Мейсон, усмехнувшись, повернулся к окружному прокурору и произнес:

– Я кончил, мистер Бюргер. Вы можете закрыть свое дело, если, конечно, у вас хватит смелости. Защита не имеет никаких других доказательств.

– У вас больше нет вопросов к свидетелю? – спросил судья Даккер.

– Нет, ваша честь, – ответил Мейсон. Гамильтон Бюргер какое-то время сидел совершенно подавленный, потом сказал:

– Прошу суд объявить перерыв на тридцать минут. Может быть, обвинению удастся…

– У вас есть вопросы к свидетелю? – перебил его судья Даккер.

– Нет, ваша честь.

Судья Даккер искоса взглянул на Мейсона:

– Защита не возражает против тридцатиминутного перерыва, о котором просит прокурор?

– Защита возражает. Защита не собирается предоставлять дальнейшие доказательства невиновности ответчицы и хочет передать дело в руки присяжных еще сегодня днем.

– Очень хорошо, – решил судья. – Продолжайте свое дело, мистер обвинитель.

– У меня все.

– Защите больше нечего добавить, – сказал Мейсон.

Судья Даккер долго и внимательно смотрел на Еву Эллиот, потом спросил:

– Может быть, это и является нарушением правил делопроизводства, суд не удовлетворен таким решением рассматриваемого вопроса. Мисс Эллиот, вы убили Джорджа Кассельмана?

– Я застрелила его, – тихо ответила она. – В тот день я взяла револьвер из сейфа мистера Гарвина… просто хотела попугать его.
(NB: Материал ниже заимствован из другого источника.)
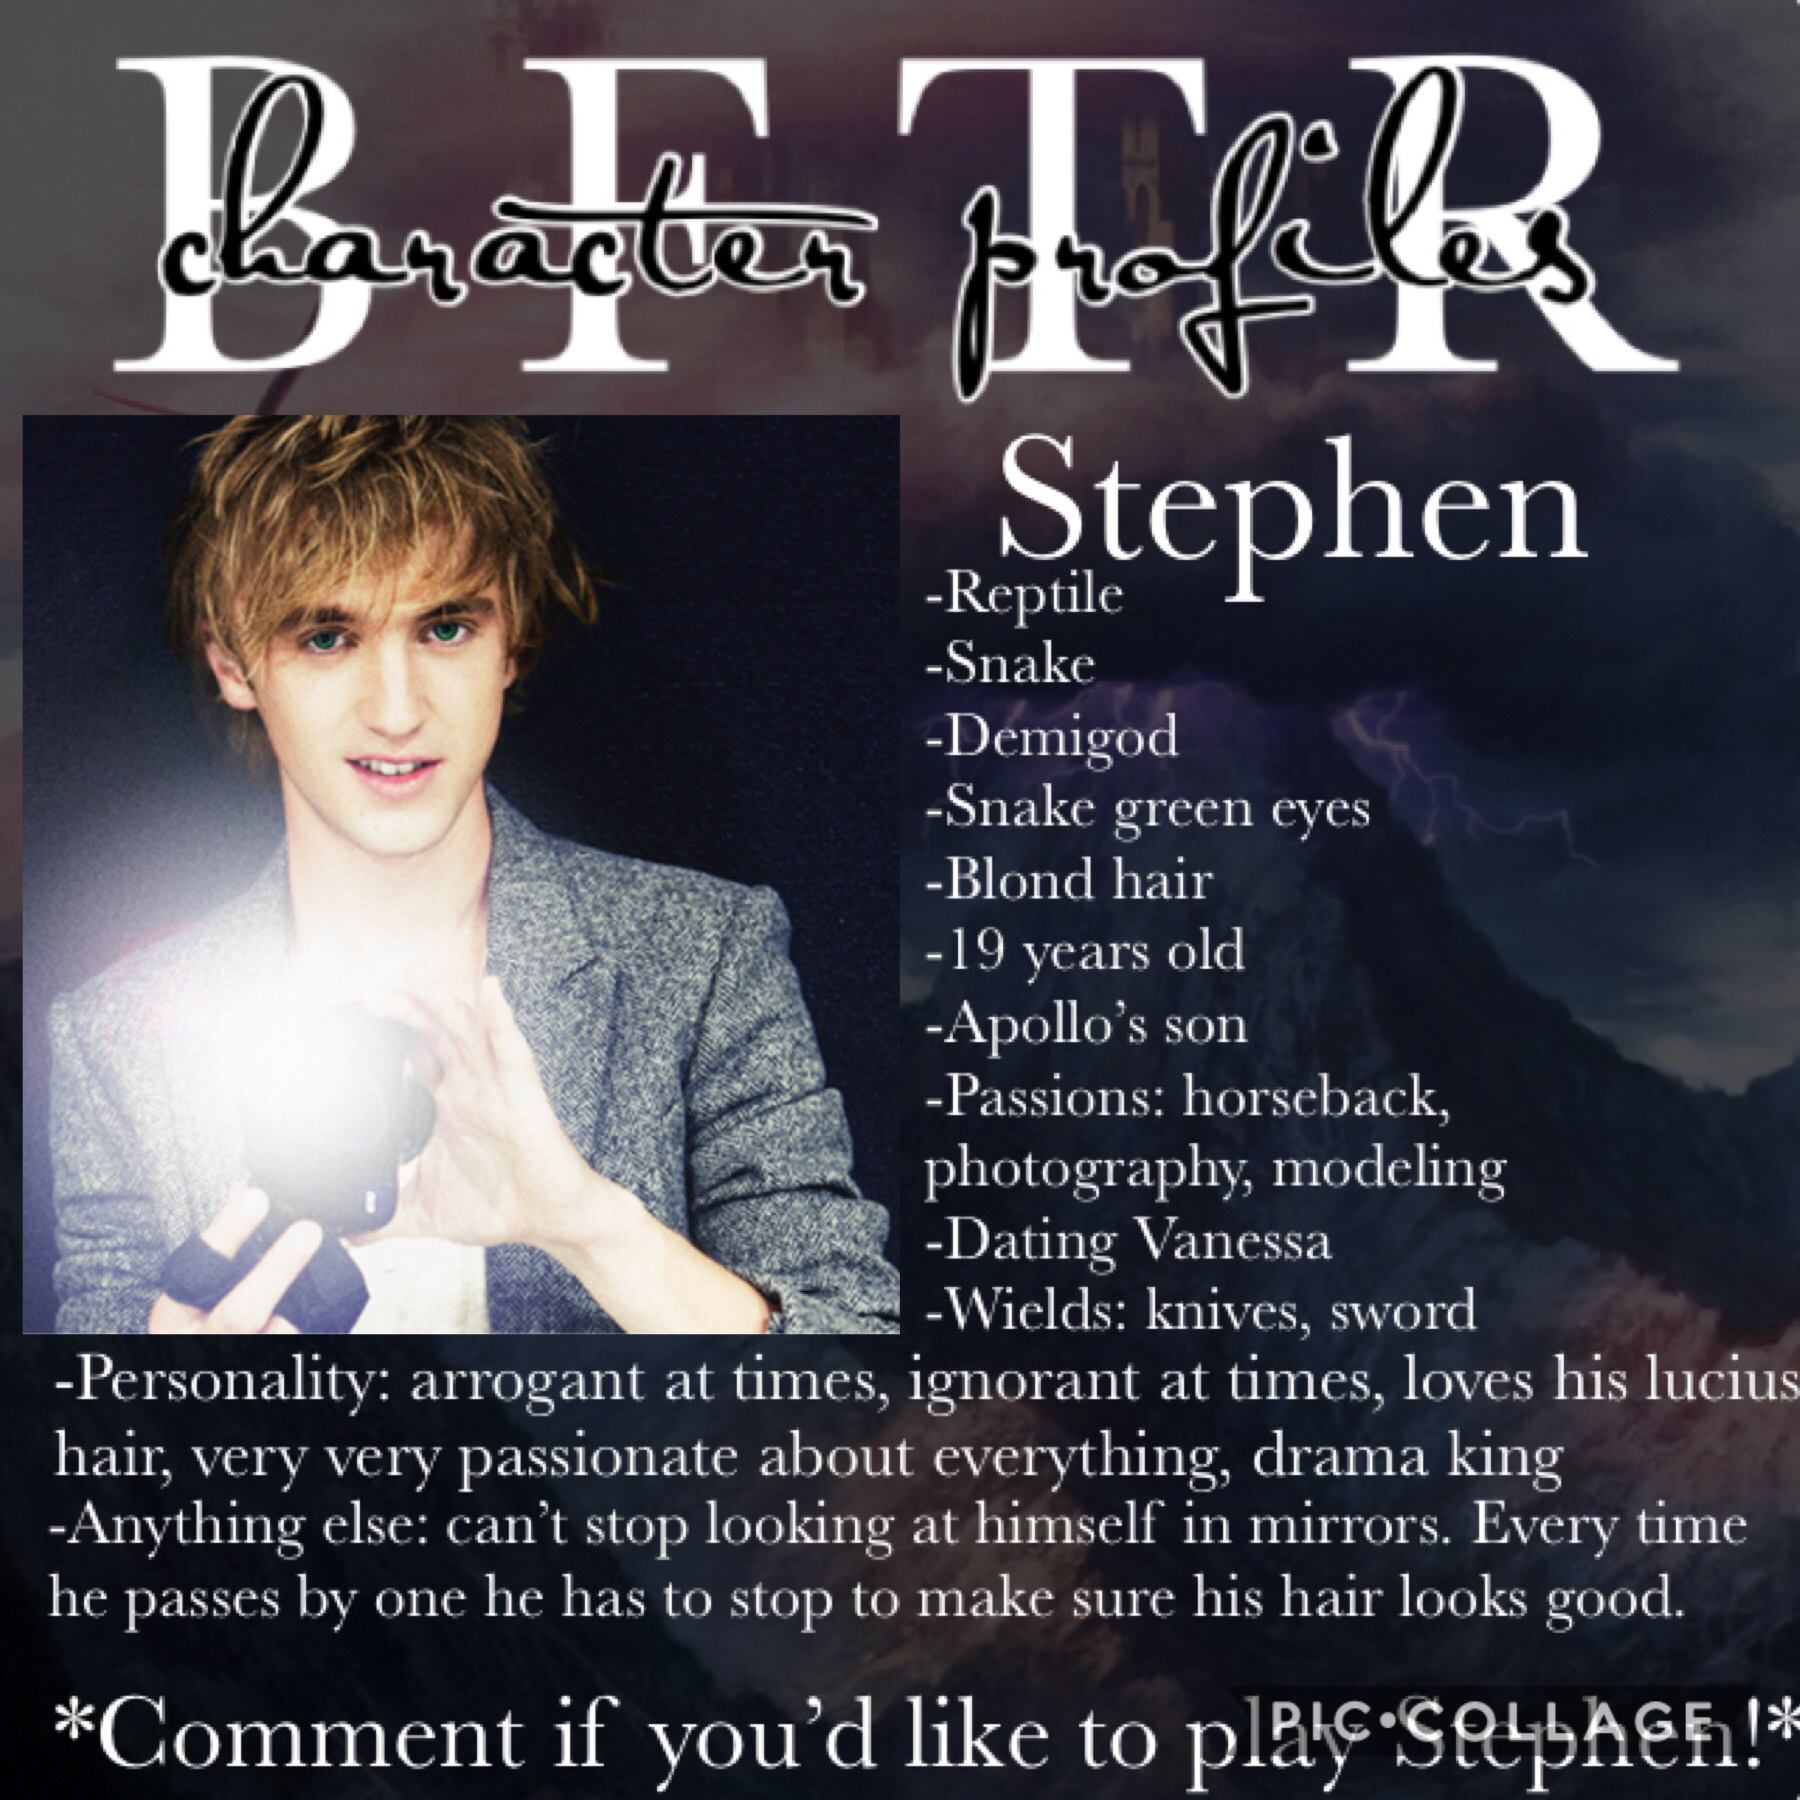 🖤COMMENT TO PLAY STEPHEN🖤

Но он набросился на меня… стал душить… чуть не сломал мне шею… в глазах потемнело… я услышала какой-то грохот… потом все прошло.

– Каким же револьвером вы хотели его припугнуть?
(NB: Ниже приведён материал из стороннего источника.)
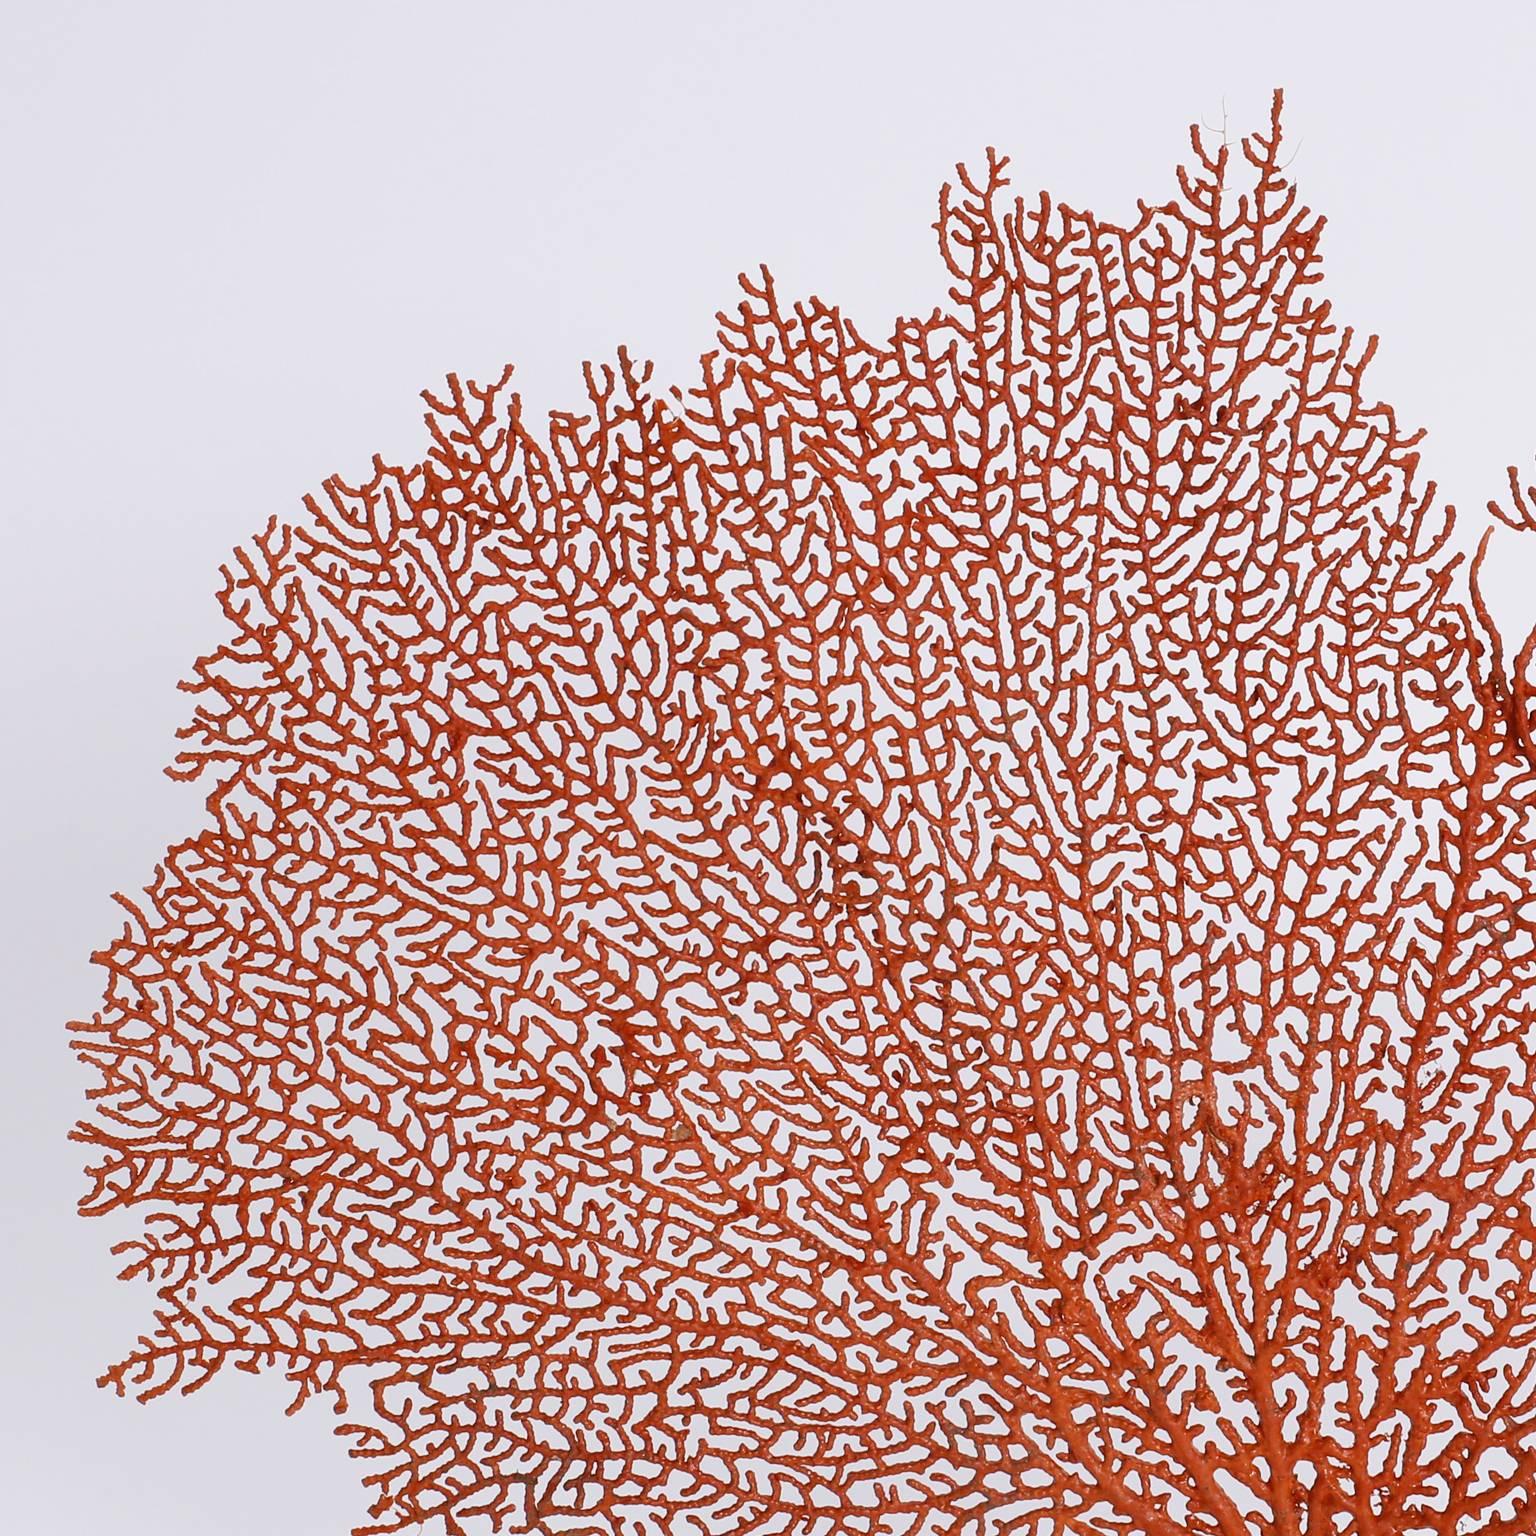 Authentic red sea fan with its glorious form and vibrant tropical color. Presented on a custom Lucite base.

– Тем, который лежал в сейфе.

– И что вы с ним сделали?

– Я положила его в кобуру мистера Гарвина, когда он принимал душ, а другой револьвер, который лежал в кобуре, положила в сейф.

Судья Даккер насупил брови, помолчал и наконец произнес:

– Суд объявляет часовой перерыв. Ввиду того что данный свидетель представлен обвинением, обвинение несет за него ответственность, и слушание стороны обвинения прекращается.

– Ваша честь, – обиженно заявил Гамильтон Бюргер, – обвинение не хочет связывать себя показаниями этого свидетеля до тех пор, пока не выяснит побудительные мотивы свидетеля и не прольет свет на это театральное представление с окровавленными полотенцами.